The new version of Keeping Children Safe in Education (KCSIE) will come into force on 1 September 2022. Many of the changes are minor. Nevertheless, governors and schools should be clear now on the most important changes, summarised below, and take proactive measures to ensure compliance for the upcoming academic year.
All governors and trustees should receive appropriate safeguarding and child protection training
- All governors and trustees should receive appropriate safeguarding and child protection training at induction, to equip them with the knowledge to provide strategic challenge and to be sure that safeguarding policies and procedures are effective.
- Their training should be regularly updated.
Support for children who are lesbian, gay, bisexual or trans (LGBT)
- The fact that a child may be LGBT is not an inherent risk factor for harm, but children who are (or perceived to be) LGBT can be targeted by other children.

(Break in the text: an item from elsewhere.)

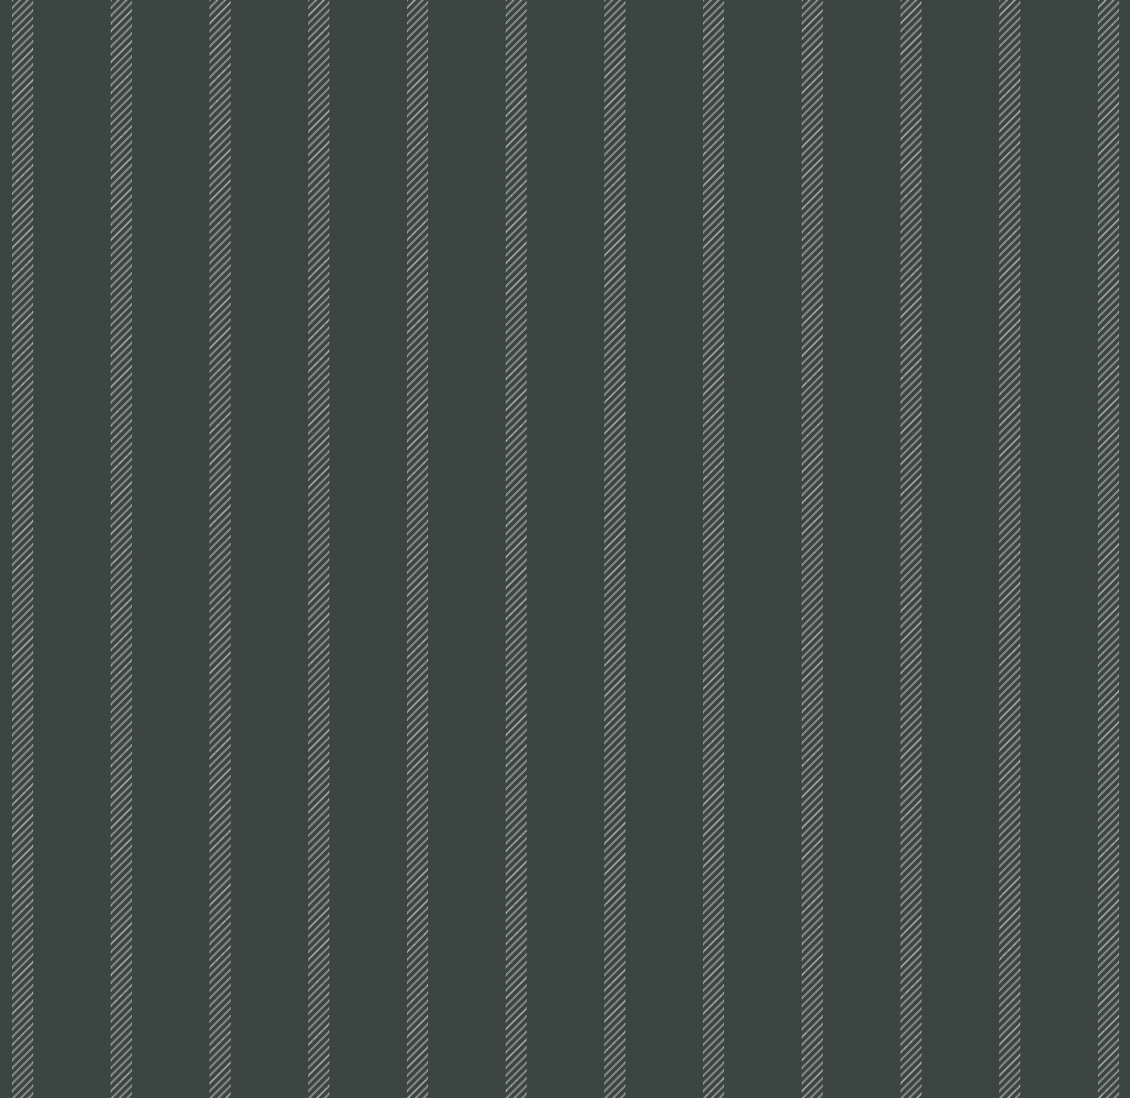 Pinstripe fabric striped wallpaper

- It is vital that staff endeavour to reduce additional barriers faced by children who are LGBT, and provide a safe space for children to speak out and share their concerns.
- Schools play a crucial role in preventative education, which is most effective when adopting a whole-school approach that creates a culture of zero tolerance for homophobia.
- Governing bodies should be doing all they reasonably can to limit children's exposure to risks from a school's IT system.
- This includes ensuring that effective filters and monitoring systems are in place, that staff have an awareness of the provisions in place, and the knowledge to escalate concerns when identified.
- Governing bodies should consider the proportionality of costs of such systems versus safeguarding risks.
Sexual violence, sexual harassment and child-on-child abuse
- The Department for Education's standalone guidance on sexual violence and sexual harassment is is now fully absorbed into KCSIE.
- Children should understand that the law on child-on-child abuse is in place to protect them, not to criminalise them.
- Children who have experienced sexual violence may display a wide range of responses, and schools should remain alert to the challenges of detecting those responses and sensitive to the needs of the child, including about attendance in lessons.